You need to find a reasonable method of dividing these costs, which may be by number of rooms used for business, or time spent working from home.

For example, you have four rooms in your home, but use one only as an office. Your electricity bill for the year is £400. Assuming all the rooms use equal amounts of electricity, you can claim £100 as allowable expenses - that is, £400 divided by four.

If you work only one day a week from home, you could claim £14.29 as expenses - £100 divided by seven.

Office, property and equipment

You can claim items you normally use for less than two years as allowable expenses, for example, stationery, rent, rates, power and insurance costs.

You can claim equipment you keep to use in your business, such as computers or printers, if you use cash basis accounting. If you use traditional accounting, claim it as a capital allowance.

You cannot claim for any non-business use of premises, phones or other office resources.

Stationery

You can claim expenses for phone; mobile; internet; postage; stationery; printing; printer ink; and computer software that your business uses for less than two years.

You can also claim for computer software if it has a licence requiring regular payments. Claim other business software as capital allowances, unless you use cash accounting.

Rents, rates, power and insurance costs

You can claim rent for business premises; business and water rates; utility bills; property insurance; and security. You can also claim for using your home as an office, but only the part that is used for business.

Business premises

You cannot claim expenses or allowances for buying buildings. But you can claim for repairs and maintenance of business premises and equipment.
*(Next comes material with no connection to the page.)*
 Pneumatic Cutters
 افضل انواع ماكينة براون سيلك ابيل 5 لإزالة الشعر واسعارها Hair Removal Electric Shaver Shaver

For alterations to install or replace equipment, claim allowable expenses for cash accounting, or capital allowances for traditional accounting.

You can also claim capital allowances for some integral parts of a building, such as water heating systems.

Car, van and travel expenses

You can claim expenses for vehicle insurance; repairs; servicing; fuel; parking; hire charges; vehicle licence fees; breakdown cover; train, bus, air and taxi fares; hotel rooms; and meals on overnight business trips.

You cannot claim for non-business driving or travel costs; fines; and travel between home and work.

Buying vehicles

If you use traditional accounting and buy a vehicle for your business, claim it as a capital allowance.

For cash accounting, you can claim a car as a capital allowance, providing you are not using simplified expenses. Claim all other types of vehicle as allowable expenses.

Keeping receipts

You should keep receipts of business expenses in case HMRC wants to check them. You should keep them for at least five years after the 31 January submission deadline of the relevant tax year.

Expenses sorted

When starting out as self-employed, dealing with expenses can seem a daunting task. By now, you should be feeling much clearer about which expenses scheme is best for you - simplified or actual costs; what you can and cannot claim; and how to do the calculations.

Claiming expenses is an important way to reduce your tax bill and boost your profits, so make you sure you get it right.